The Arbitrary Distinction Between Terrorism and Mass Shootings
These four weapons are believed to have been used by the the couple who killed 14 people and injured 21 others in the 2015 San Bernardino Shooting. (Photo is public domain)
One of the more significant storylines of the San Bernardino shootings is the storyline itself. Immediately following the shooting, speculation swirled as to whether or not this was terrorism akin to the Paris shootings, or a case of workplace violence. The meandering national discussion highlights a flaw in the terrorism discourse that exacerbates the field’s lack of reliable data and excessively parochial approach. Students of terrorism should pause to ask if there really is a substantive difference between terrorism and most mass shootings. Recent violent episodes such as the San Bernardino shooting, Boston bombing, and Fort Hood shooting highlight the somewhat arbitrary distinction we have made between terrorism and other episodes of mass violence.
Consider some of the common features used to define Terrorism. Terrorism is:
- Violent, or presents the threat of violence.
- Political in its motivations, and designed to send a message or impact policy.
- Dramatic, and designed to have broad psychological effects.
- Perpetrated by a sub-state actor.
Using the above criteria to examine recent events it is clear just how arbitrary the distinction is. The San Bernardino shooting was certainly violent and dramatic, but the perpetrators appear to have tried to cover their tracks rather than broadcast their political message. Even though the media has run with the perpetrator’s connection to IS, it still remains unclear if the event was equally motivated by workplace disputes. On the other hand, school shootings, like at Virginia Tech in 2007 or UC Santa Barbara in 2014, seem to fit the definition well even though they are not typically called terrorism. Both shootings were motivated by perceived social injustices, broadcast a manifesto, and designed to create fear through random violence.
This is not necessarily to say that we should start calling all episodes of mass violence terrorism or that there is no distinction between terrorist organizations like al-Qaeda or individual shooters like Virginia Tech’s Seung-Hui Cho. Rather, this is to highlight the fundamental similarities between individuals who choose to engage in terrorism or mass violence. In both instances, individuals unhappy with the society express their grievances through theatrical violence. If there is any distinction to be had, it is that terrorists typically try to enact change from the state while mass shooters try to enact change from society at large. Yet, this distinction is not significant enough to warrant the development of parochial research and disparate diagnoses for strikingly similar phenomena. Mass shootings have largely resulted in discussions on mental health and gun control. Terrorism, on the other hand, has largely written off mental health as a causal variable and focuses instead on political grievances and the social circumstances that breed violence.

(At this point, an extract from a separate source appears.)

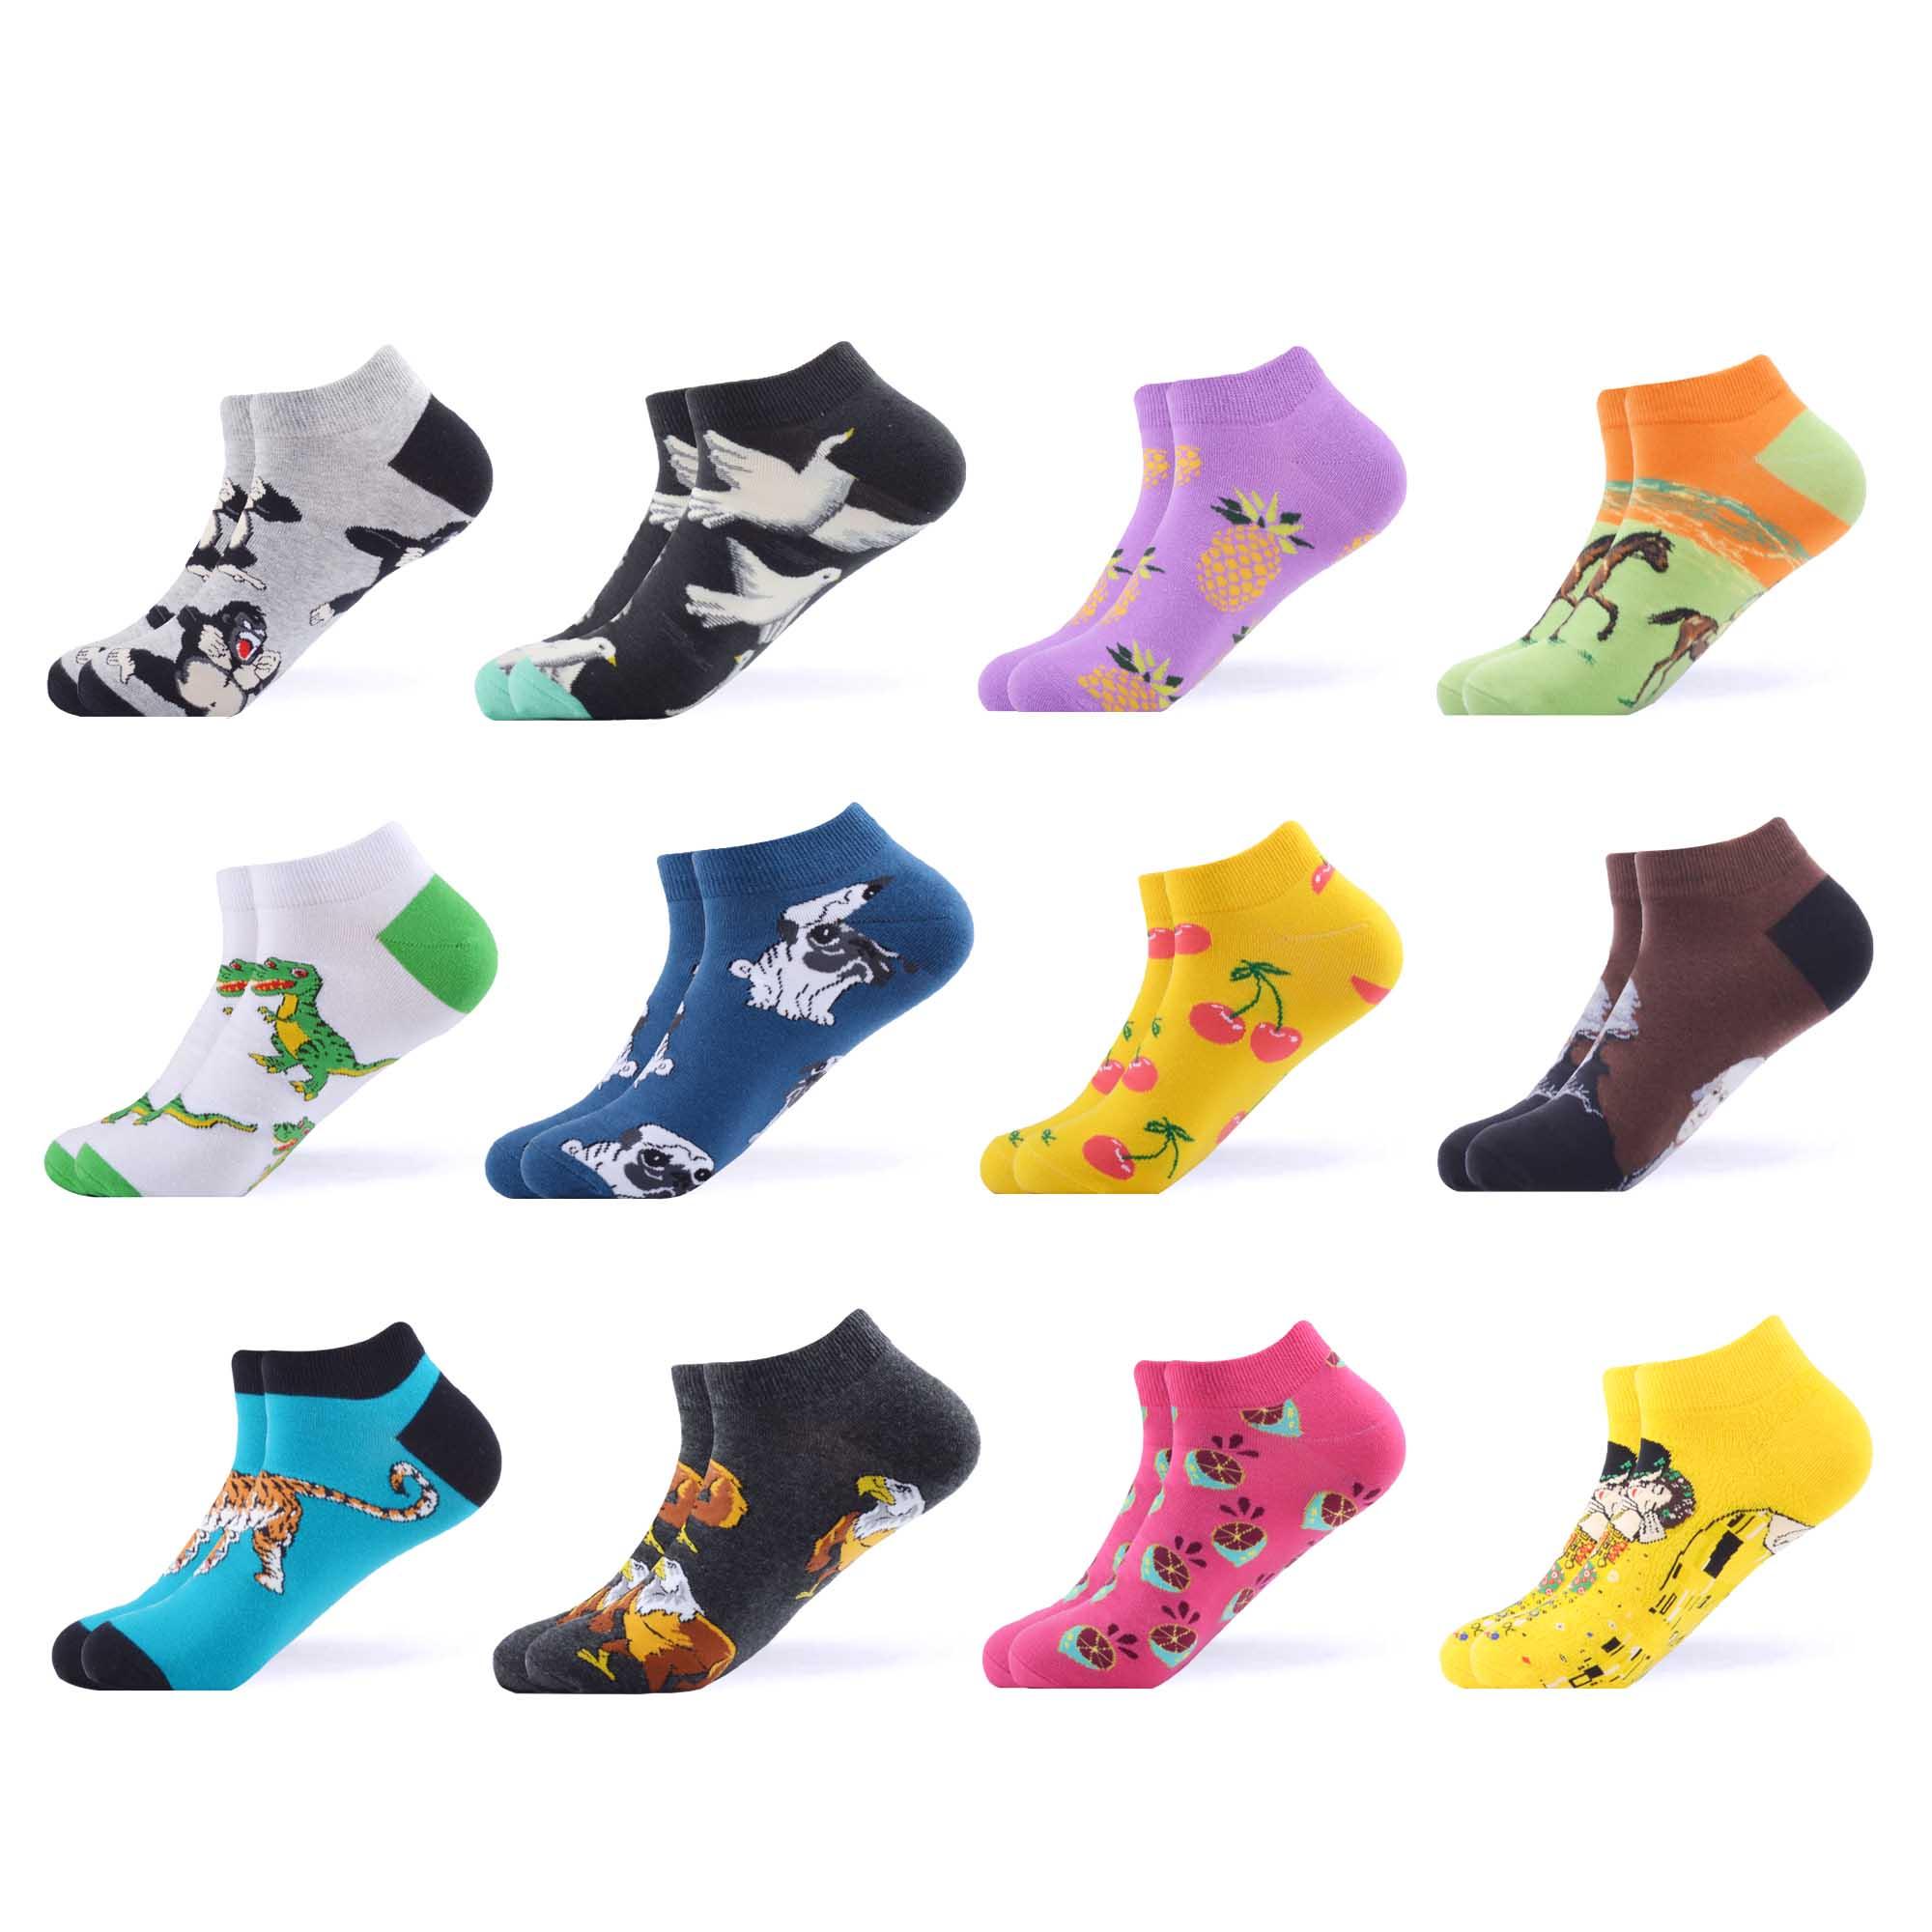 SANZETTI 12 Pairs/Lot Women Crew Socks Casual Combed Cotton Ankle Socks Happy Hip Hop Harajuku Short Socks Dress Boat Socks

What is gained by rethinking the way we label political violence? For one, it introduces new data to the field of terrorism research. In 2014, Marc Sagemen published a piece called “The Stagnation in Terrorism Research.” One of the main causes for this, he argued was a general lack of data. An intrinsic obstacle of terrorism research is that it deals with sensitive information that cannot be freely released. However, as Max Taylor highlights, the unfortunate effect of this is that the state has essentially “asserted a monopoly over attempts to control and understand terrorism.” As a result, “the notion of the independent researcher seems far removed from this area,” and terrorism research often resembles consultancy work in the service of the state. Shedding terrorism’s pejorative and highly politicized label in favor of finding the commonality, rather than distinctions, with other forms of political violence could help alleviate this issue by increasing the field’s serviceable data.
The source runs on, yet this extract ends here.